O governo britânico anunciou, nesta quinta-feira (25), um projeto de lei para proibir as “terapias de conversão” de pessoas LGBTQIA+, ressaltando que estas práticas continuam existindo devido à ausência de uma legislação específica que as sancione.

As chamadas “terapias de conversão”, que consideram a homossexualidade uma doença, são práticas que afirmam, de forma equivocada, poder modificar a orientação sexual ou a identidade de gênero de uma pessoa.

O projeto de lei, que afeta a Inglaterra e o País de Gales, prevê penas de prisão de até cinco anos e/ou multas para aqueles que realizem estas práticas.
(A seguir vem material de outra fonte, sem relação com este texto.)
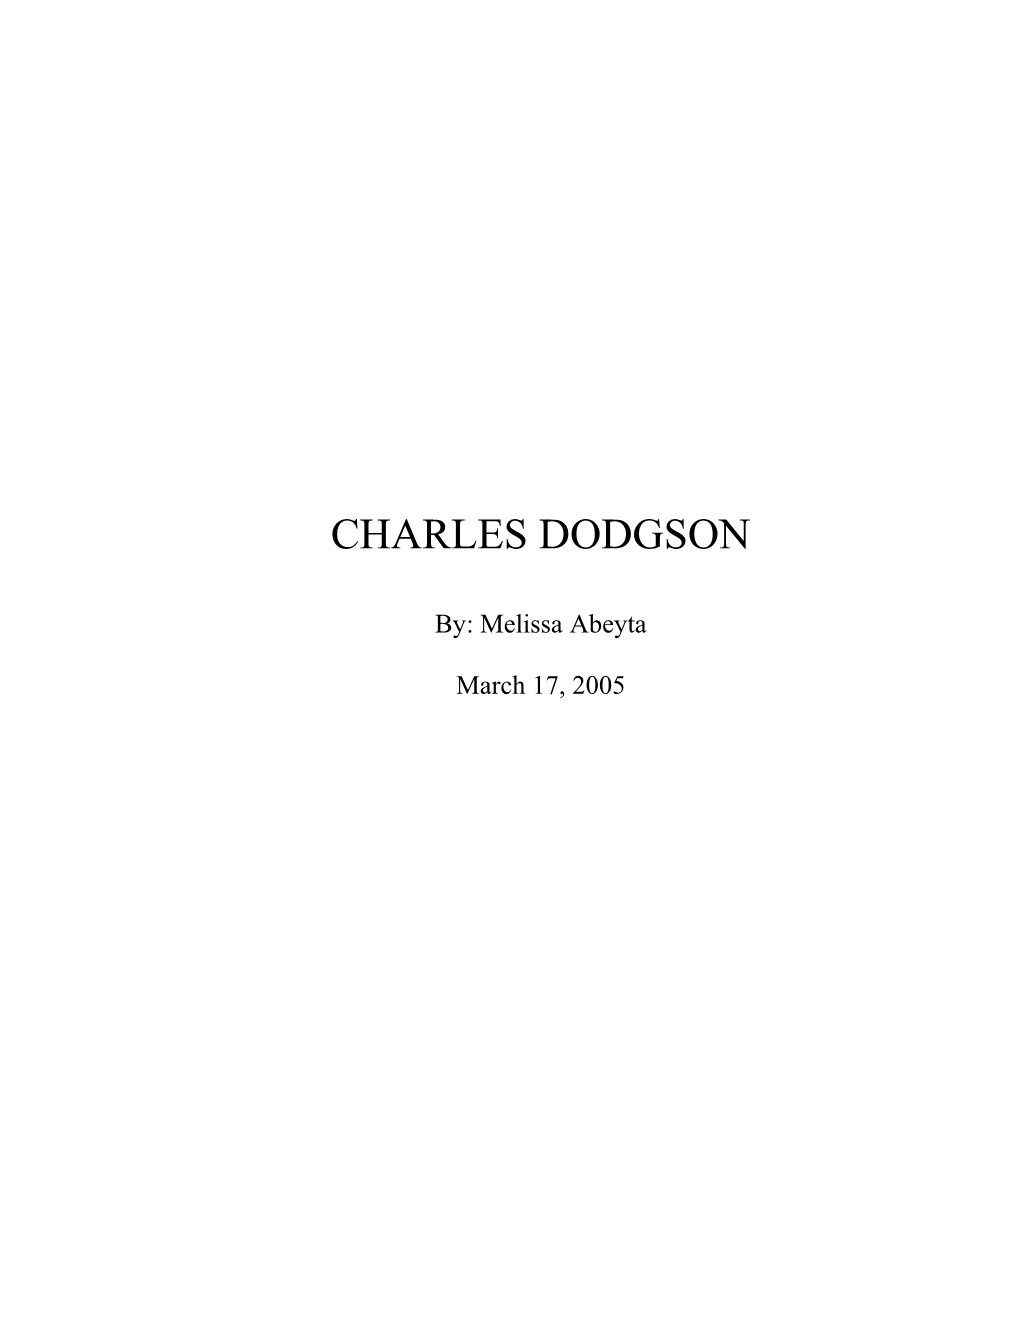 Charles Dodgson Led a Very Interesting Life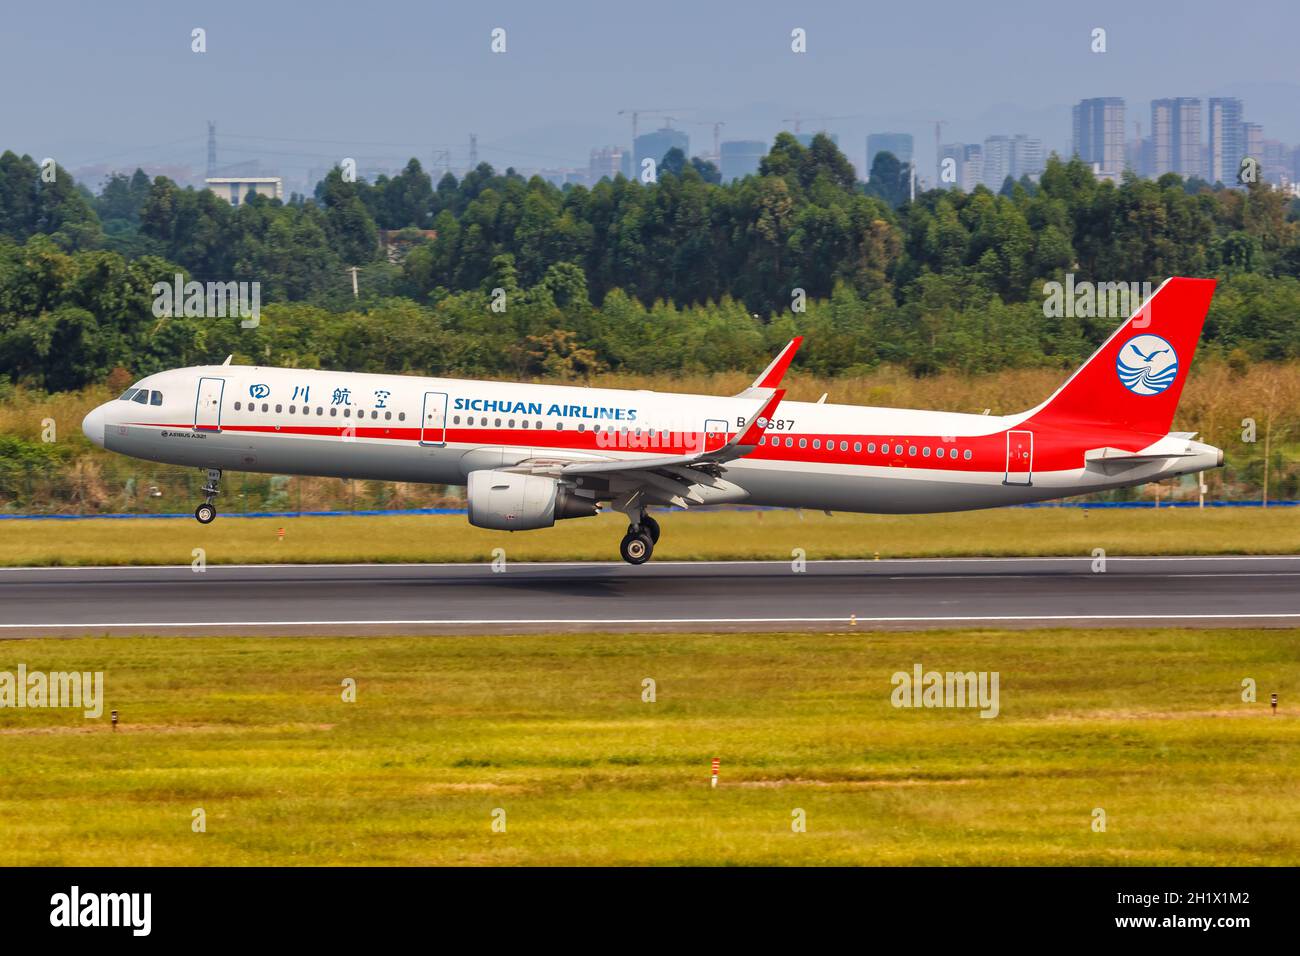 Chengdu, China - September 22, 2019: Sichuan Airlines Airbus A321 airplane at Chengdu Shuangliu airport (CTU) in China. Stock Photo

“As vítimas destas práticas de conversão relatam fatos que vão desde espancamentos e estupros até ameaças verbais, passando por manipulação e exorcismos“, destacou o governo britânico em um comunicado.

Vulnerabilidade

“As brechas legais deixaram as pessoas LGBTQIA+ vulneráveis a estes atos prejudiciais, por isso precisamos legislar”, explicou a secretária de Estado para a Igualdade, Olivia Bailey, neste mesmo comunicado.

Uma iniciativa deste tipo foi anunciada várias vezes desde 2018, sem chegar a se concretizar devido a mudanças de rumo nos governos conservadores anteriores.

O Partido Trabalhista, que chegou ao poder em julho de 2024, se comprometeu a levar adiante esta medida, incluindo as pessoas transgênero.

A legislação não abrange todo o Reino Unido, pois esta é uma questão da jurisdição de cada um dos seus territórios constituintes. Portanto, Escócia e Irlanda do Norte terão de decidir se adotam ou não esta medida.

Organizações comemoram

“Recebemos com satisfação esta legislação, embora chegue com muito atraso. Trata-se de um primeiro passo essencial para tratar as práticas de conversão como uma forma específica de dano”, declarou Jasmine O’Connor, codiretora da associação Galop.

A União Europeia (UE) indicou em maio que não tem competências legais para proibir estas práticas em todo o continente, de modo que irá se limitar a recomendar aos seus membros que as proíbam.